After extracting and transforming the data, it must be loaded into a storage location or data warehouse. It is recommended that the data be formatted prior to being loaded into the data warehouse for easier access in the future.
4. Select appropriate business intelligence tools
Standard software, like Microsoft Excel, does not have the capacity to manipulate big data and carry out simple calculations in a timely manner because of the data's volume and complex nature, coupled with the fact that it is commonly stored in separate silos with limited accessibility. Microsoft Access is an example of a powerful database that allows you to join and link datasets, especially when connecting unique IDs from different sources.
You will also need two additional analysis tools—one that can perform in-depth analysis and one that can produce visually appealing graphs and charts. It is difficult to find a program that can tackle both effectively. SAS and SPSS/IBM are two examples of statistical analysis programs with excellent data mining capabilities, while Tableau is a tool that produces attractive and dynamic images.
5. Incorporate demographic data
Overlaying demographic information with your dataset is helpful and highly recommended to better understand who your target audience(s) might be. FICO and Experian collect a variety of consumer data scores based on credit card transactions and demographic status. For example, FICO can help you predict whether you will be taking your medication every day based on certain variables such as length of time living in one location and number of years owning a particular car. Again, pending a unique ID, the demographic information can be linked to the existing dataset.

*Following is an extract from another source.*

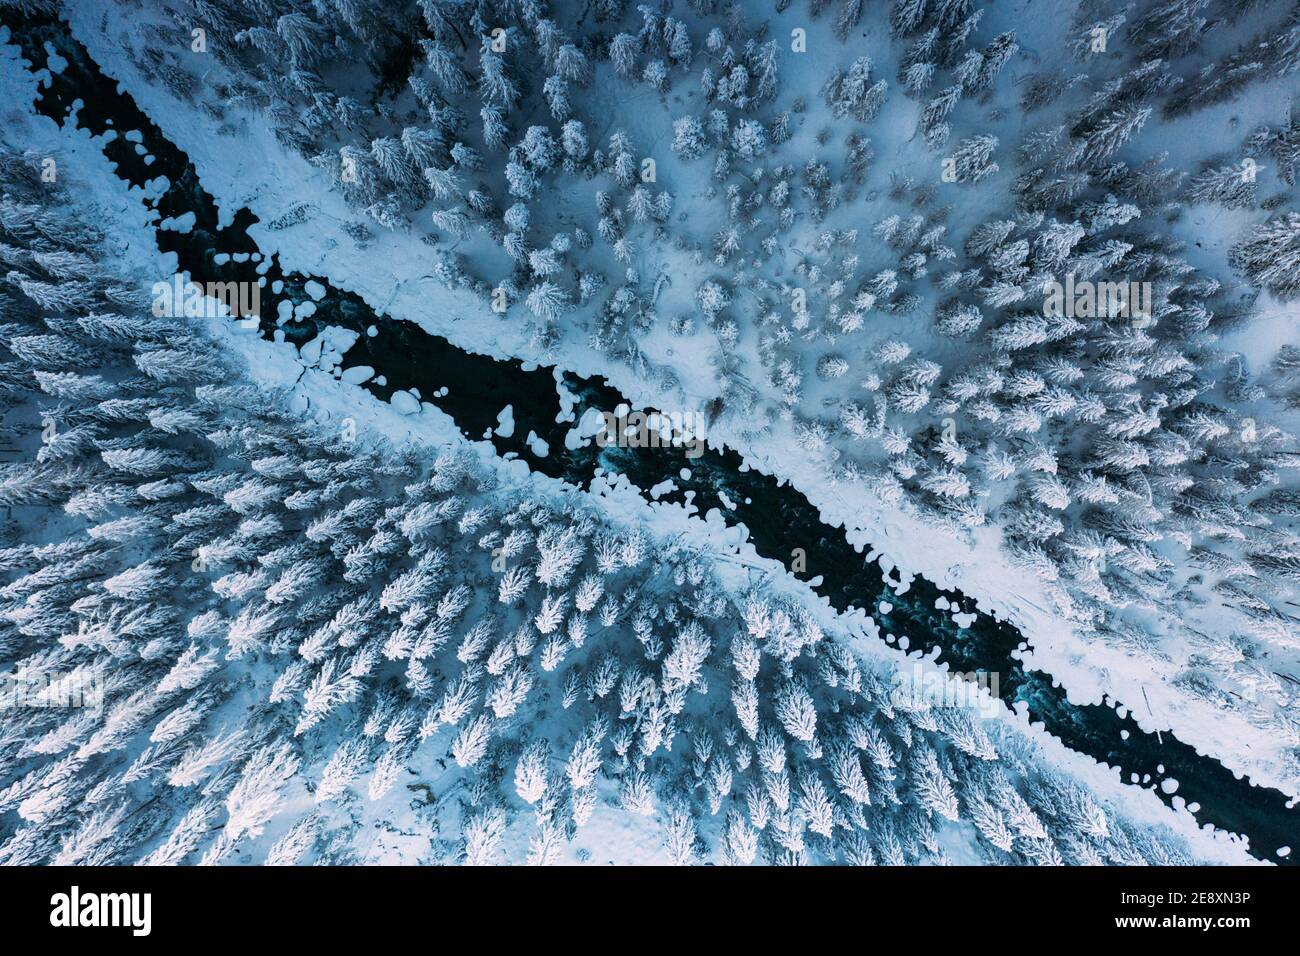 Vue aérienne d'une rivière gelée traversant une forêt hivernale de sapins couverts de neige, Suisse Banque D'Images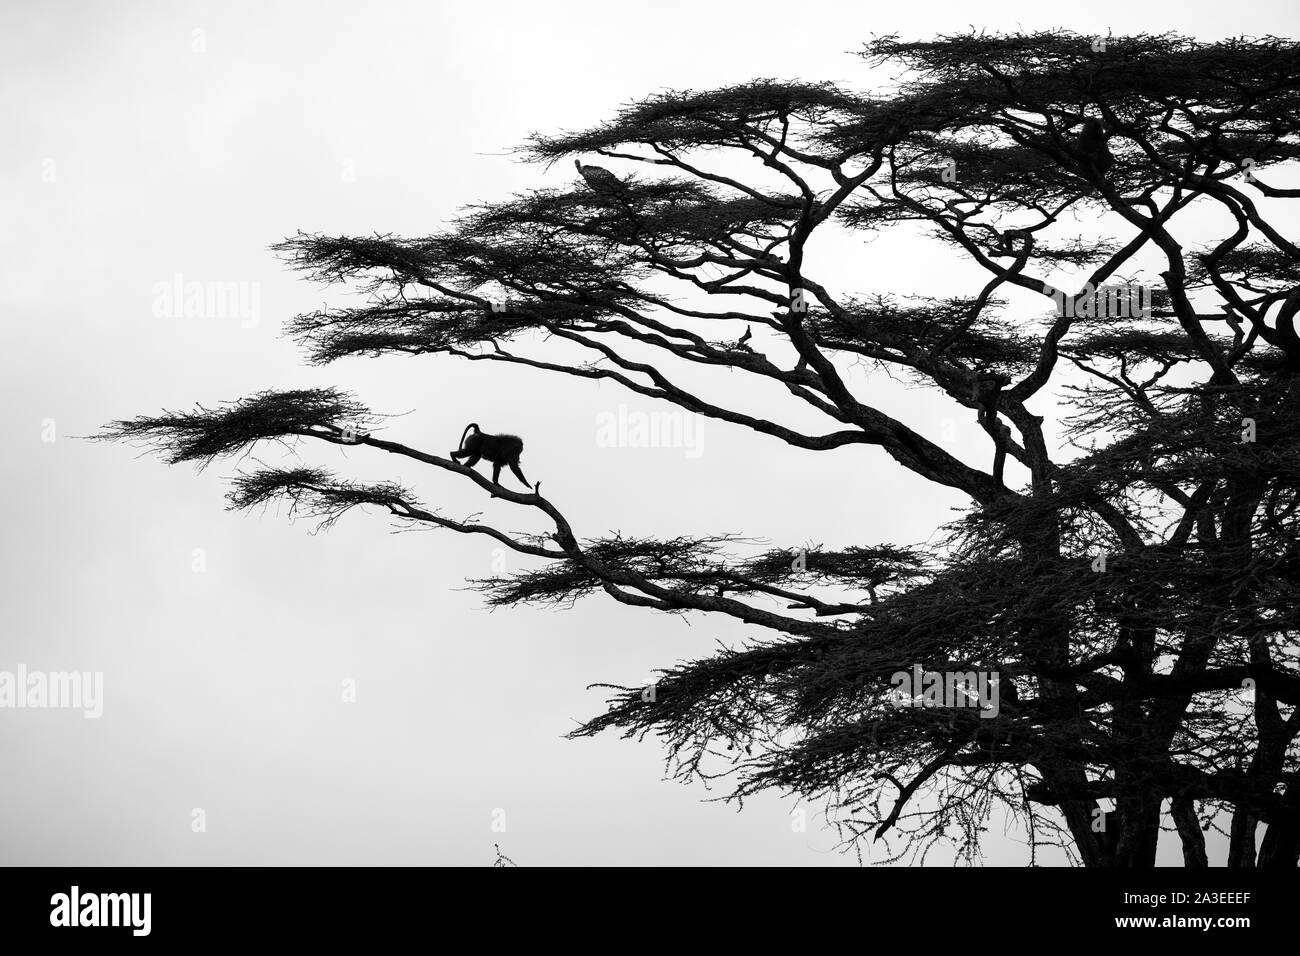 L'Afrique, Tanzanie, zone de conservation Ndutu, Babouin Chacma mâles adultes (Papio ursinus) descendre le long du membre de l'acacia tree Plaines Ndutu Banque D'Images

6. Hire a "data scientist"
Making sense of big data can be daunting. Instead of taking it on alone, you might be better off hiring experienced analysts who are comfortable working with massive sets of data. Employing one or more people who can dedicate their time to analysis will allow for smarter and more accurate, meaningful and transformative findings in a shorter amount of time. Look for analysts who are knowledgeable about storage, manipulation, importing and exporting, merging, sub-setting, hypothesis testing and mining for insights.
7. If possible, automate reports
When working with data that is continuously streaming in, automated reporting can save both time and money. Instead of manually reformatting the data each time a new chunk comes in, set up an automatic report with a filter that captures only the necessary variables and manipulates them in such a way that the data is more streamlined to the end goal.
Reports must first be customized to the preference of the end user, and then they can be automatically delivered to one or more recipients at regular intervals. Adobe SiteCatalyst and Google Analytics are two examples of Qeb analytics platforms that can automate daily, weekly and monthly reports.
8. 75 percent investigation, 25 percent discovery
As with any type of analysis, it is a good rule of thumb to spend approximately 75 percent of your time testing pre-developed hypotheses and the other 25 percent poking around in the data with no specific direction in the hopes of uncovering nuggets of knowledge. It is likely that at least one hypothesis you have formulated will lead to additional analytical questions about the scope of the original hypothesis. Therefore, the majority of the time spent testing hypotheses will inevitably lead to hidden findings. Devote a smaller fraction of your time slicing and dicing the data in unexpected segments because many times buried insights can be found when looking at familiar information in an unfamiliar way.